**ASSIGNED TASK:**
The full set of entries below should be transcribed exactly.

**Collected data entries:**
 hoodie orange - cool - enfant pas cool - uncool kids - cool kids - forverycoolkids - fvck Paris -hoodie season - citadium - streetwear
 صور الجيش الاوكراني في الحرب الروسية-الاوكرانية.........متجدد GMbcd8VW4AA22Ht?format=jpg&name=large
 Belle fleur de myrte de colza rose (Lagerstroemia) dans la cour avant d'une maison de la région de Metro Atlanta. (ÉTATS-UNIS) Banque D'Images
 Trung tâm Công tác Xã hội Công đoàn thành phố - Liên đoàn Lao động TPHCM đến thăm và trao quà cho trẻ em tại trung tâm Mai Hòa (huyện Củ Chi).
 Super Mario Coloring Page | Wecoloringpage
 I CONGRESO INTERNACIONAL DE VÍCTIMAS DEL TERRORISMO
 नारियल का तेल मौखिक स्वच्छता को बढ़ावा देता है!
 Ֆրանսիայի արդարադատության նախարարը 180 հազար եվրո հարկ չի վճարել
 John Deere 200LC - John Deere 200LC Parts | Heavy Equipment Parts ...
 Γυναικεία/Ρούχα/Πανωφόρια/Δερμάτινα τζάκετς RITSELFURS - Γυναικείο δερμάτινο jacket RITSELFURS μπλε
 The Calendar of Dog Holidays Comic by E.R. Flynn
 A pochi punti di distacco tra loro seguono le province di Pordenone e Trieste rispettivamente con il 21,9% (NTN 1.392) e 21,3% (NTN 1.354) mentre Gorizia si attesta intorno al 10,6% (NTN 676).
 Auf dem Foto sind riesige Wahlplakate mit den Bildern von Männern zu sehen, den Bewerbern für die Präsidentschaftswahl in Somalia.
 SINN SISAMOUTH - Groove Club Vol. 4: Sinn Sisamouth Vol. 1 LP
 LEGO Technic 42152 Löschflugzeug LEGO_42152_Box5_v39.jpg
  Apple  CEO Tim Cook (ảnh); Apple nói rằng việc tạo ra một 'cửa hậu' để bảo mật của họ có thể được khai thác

**OUTPUT FOR THIS TASK:**
 hoodie orange - cool - enfant pas cool - uncool kids - cool kids - forverycoolkids - fvck Paris -hoodie season - citadium - streetwear
 صور الجيش الاوكراني في الحرب الروسية-الاوكرانية.........متجدد GMbcd8VW4AA22Ht?format=jpg&name=large
 Belle fleur de myrte de colza rose (Lagerstroemia) dans la cour avant d'une maison de la région de Metro Atlanta. (ÉTATS-UNIS) Banque D'Images
 Trung tâm Công tác Xã hội Công đoàn thành phố - Liên đoàn Lao động TPHCM đến thăm và trao quà cho trẻ em tại trung tâm Mai Hòa (huyện Củ Chi).
 Super Mario Coloring Page | Wecoloringpage
 I CONGRESO INTERNACIONAL DE VÍCTIMAS DEL TERRORISMO
 नारियल का तेल मौखिक स्वच्छता को बढ़ावा देता है!
 Ֆրանսիայի արդարադատության նախարարը 180 հազար եվրո հարկ չի վճարել
 John Deere 200LC - John Deere 200LC Parts | Heavy Equipment Parts ...
 Γυναικεία/Ρούχα/Πανωφόρια/Δερμάτινα τζάκετς RITSELFURS - Γυναικείο δερμάτινο jacket RITSELFURS μπλε
 The Calendar of Dog Holidays Comic by E.R. Flynn
 A pochi punti di distacco tra loro seguono le province di Pordenone e Trieste rispettivamente con il 21,9% (NTN 1.392) e 21,3% (NTN 1.354) mentre Gorizia si attesta intorno al 10,6% (NTN 676).
 Auf dem Foto sind riesige Wahlplakate mit den Bildern von Männern zu sehen, den Bewerbern für die Präsidentschaftswahl in Somalia.
 SINN SISAMOUTH - Groove Club Vol. 4: Sinn Sisamouth Vol. 1 LP
 LEGO Technic 42152 Löschflugzeug LEGO_42152_Box5_v39.jpg
  Apple  CEO Tim Cook (ảnh); Apple nói rằng việc tạo ra một 'cửa hậu' để bảo mật của họ có thể được khai thác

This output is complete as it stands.